Example: Traffic Speed. Everyone always exceed the speed limit on highways. Why do we still have the limit? Like, either enforce it, or remove it. This stuff doesn’t make sense at all.
Example: Traffic Speed. Everyone always exceed the speed limit on highways. Why do we still have the limit? Like, either enforce it, or remove it. This stuff doesn’t make sense at all.
You’re not expected to break them. For your example, you’re not supposed to go over the speed limit. And it is, in fact, extremely easy to do so. Most people are fine with it. And, no, it’s not impossible to do so. There is nothing forcing you to go faster for little to no gain and increased risk for you and other.
You expecting to go over tells something about you.
Practically no one actually drives at or below the speed limit in the US, especially on freeways. Whether or not you personally like this doesn’t matter – it’s just how it is.
You’re welcome to try it, but speeding is so pervasive in our culture that this will single you out and Ruggedly Individualistic Americans will get frothingly butthurt at you over it. Prepare to get tailgated, cut off, bullied out of your lane, stuff thrown at your car, etc.
I haven’t driven over the speed limit in a decade in the US and have anecdotally never experienced the behavior you’re describing.
It’s not just a matter of others getting butthurt. It’s actively dangerous to be driving at a different speed from the rest of traffic, regardless of whether you’re going faster or slower.
If that’s true, then it would be a good idea to have everybody converge on a particular speed. It doesn’t seem practical to negotiate that speed amongst a constantly-changing set of drivers, it probably needs to be chosen in advance. That seems like a natural function of government, to choose the consensus speed through a process designed to represent everybody in the community.
To communicate to drivers entering the roadway this consensus speed which everybody must travel at—for safety—the government could, say, post it on signs located along the roadside.
But that’s probably just a ridiculous fantasy.

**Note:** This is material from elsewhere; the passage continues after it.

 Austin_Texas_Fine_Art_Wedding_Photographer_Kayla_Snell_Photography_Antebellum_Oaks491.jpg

How then should all drivers negotiate the consensus speed to ensure safety?
No negotiation is needed. As long as everyone agrees to follow everyone else (i.e. no one tries to overtake and you keep a constant gap with the car in front of you), then everything will naturally fall into place.
I remember a young college aged guy got shot in the head for beeping his horn at someone. Happened a few years sgo.

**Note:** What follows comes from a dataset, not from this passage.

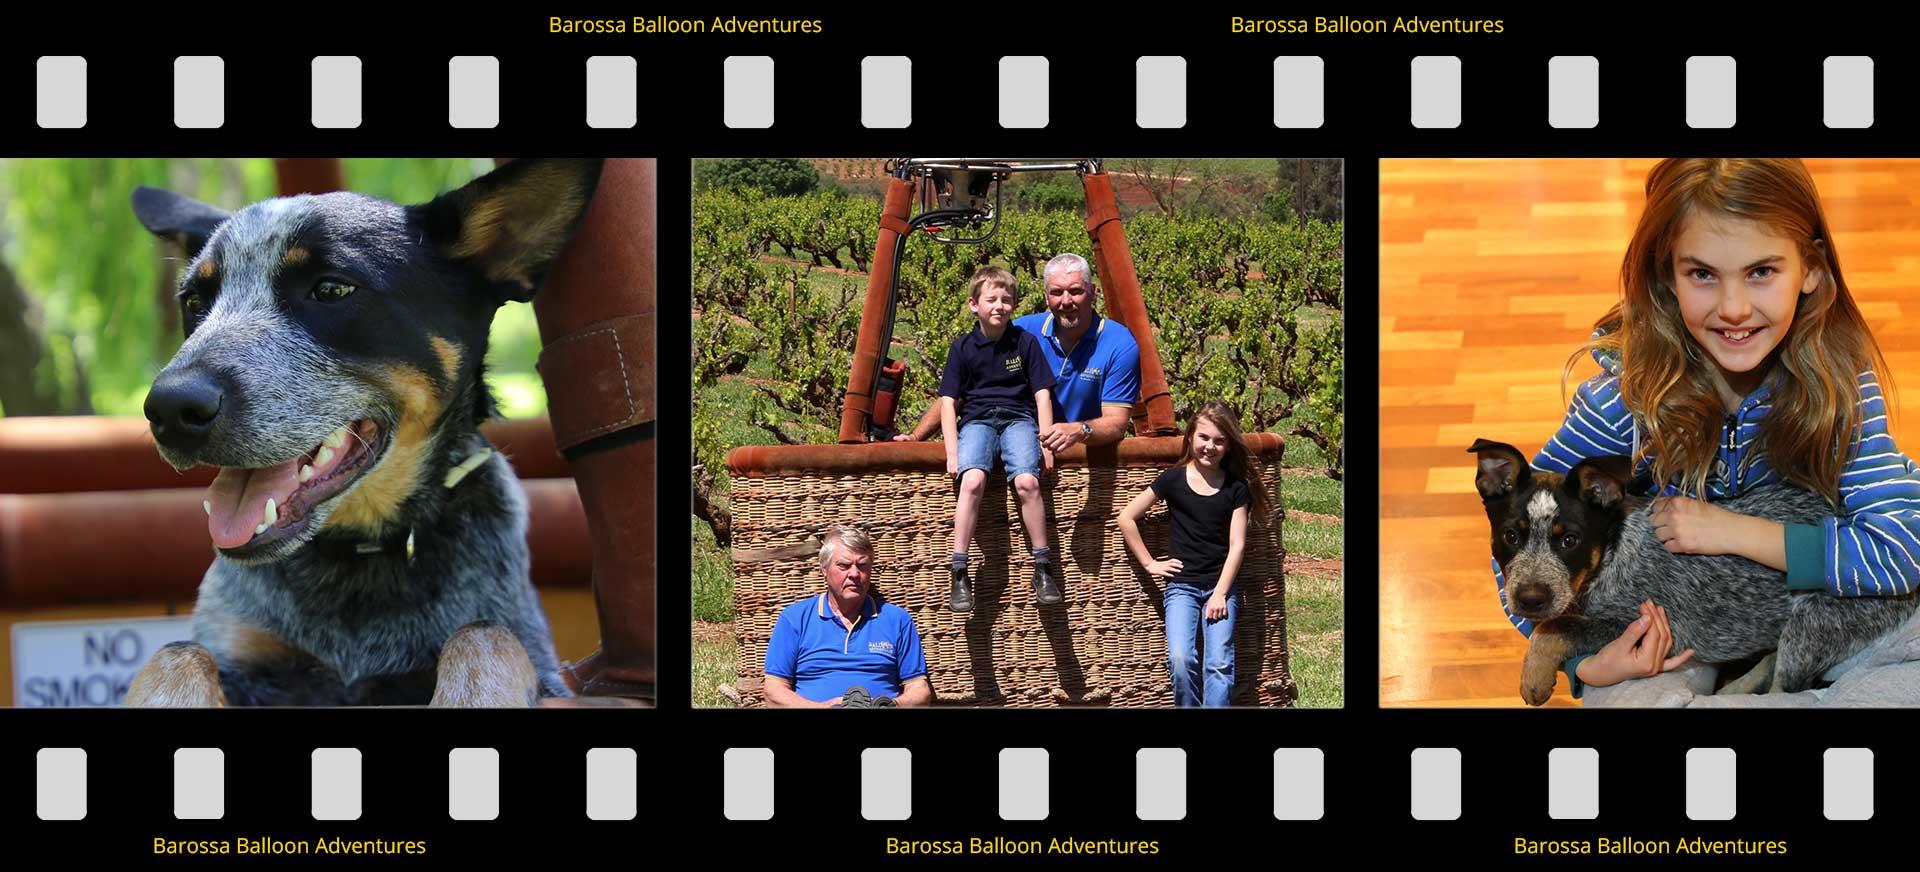 gibson family image strip post Balloon Adventures Barossa flight

It sounds like you’re proud of your culture of not giving a crap about rules set to improve safety for everyone. On that account, I agree that we’ll never see eye to eye about this.
What part of what I wrote expressed that I was “proud” of it?

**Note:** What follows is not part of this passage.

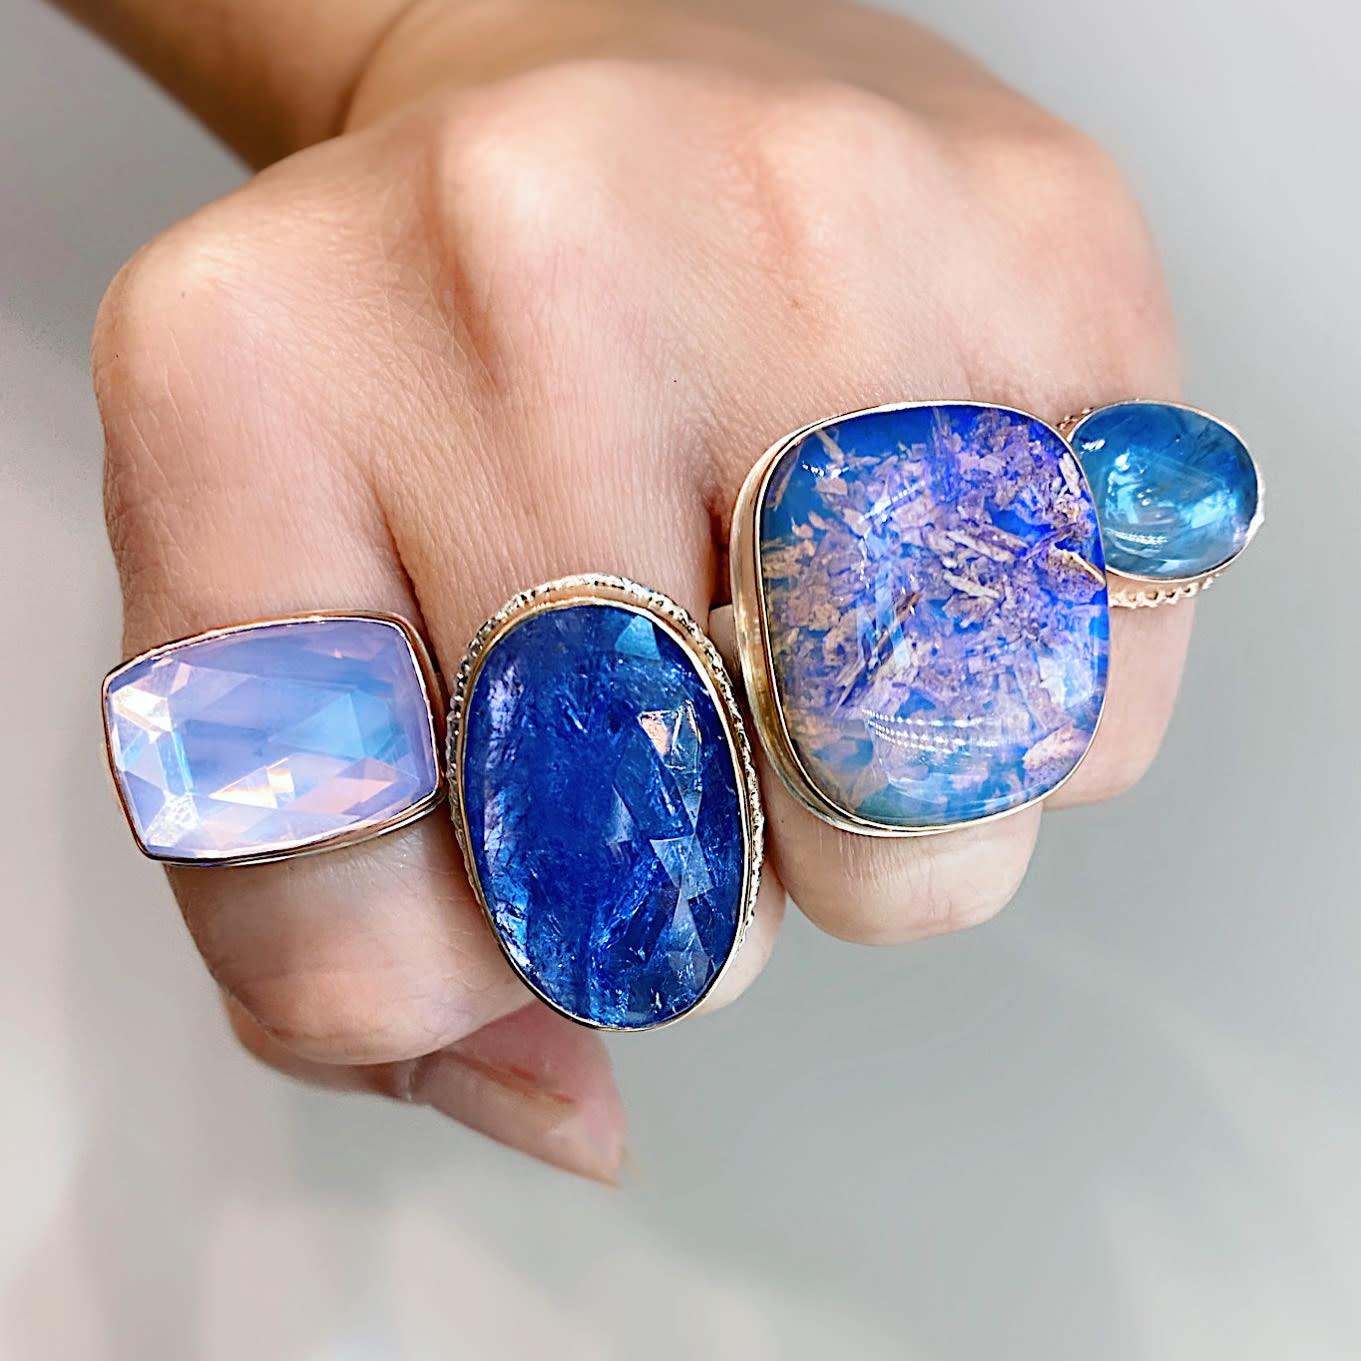 Jamie Joseph Jewelry Designs Faceted Tanzanite Bezel Statement Ring

I’m just telling you how people behave. I don’t have any control over anybody but myself. For what it’s worth, I’m probably one of the six people in this damn country who doesn’t drive like a nut.
I don’t drive, but every time I’m in my parent’s car, they drive the speed limit, then I see cars flying by on the highway, and I’m like wtf.
I double check the spedometer, it points at just below 60, the sign says speed limit is 60. How is everyone going so fast. They must be speeding.
Not just one or 2 cars. Like almost every car.
Edit: This is in the USA, the Interstate-95 / PA-NJ Turnpike btw.
Textbook case of a cognitive bias. If you’re going the speed limit, every car that passes you is speeding. You don’t see all the other cars doing the speed limit.
Because you don’t see the cars going the same speed as you. If everyone on the interstate was going 60 you would only ever see the 10 cars near you. But 10 people going 70 could pass 100 cars. Each of those drivers would see 10 cars going 60 and 10 cars going 70. Despite the fact that less than 10% of the cars were speeding.
For what it’s worth, the I-95 corridor from about Richmond to Boston, particularly the DC-Balitmore-Philly-NYC part, is probably one of the worst stretches of highway in the country for generalized insanity and phenomenally poor driving skills on display from everyone involved. It is easily my most hated patch of asphalt in the universe.
A small but measurable improvement would be made to the world instantly if every person in DC and Baltimore had their licenses revoked. Although if experience is any judge, that still wouldn’t prevent any of them from still all being on 95, three inches from the car in front and raging over “only” being able to do 80 in a 55.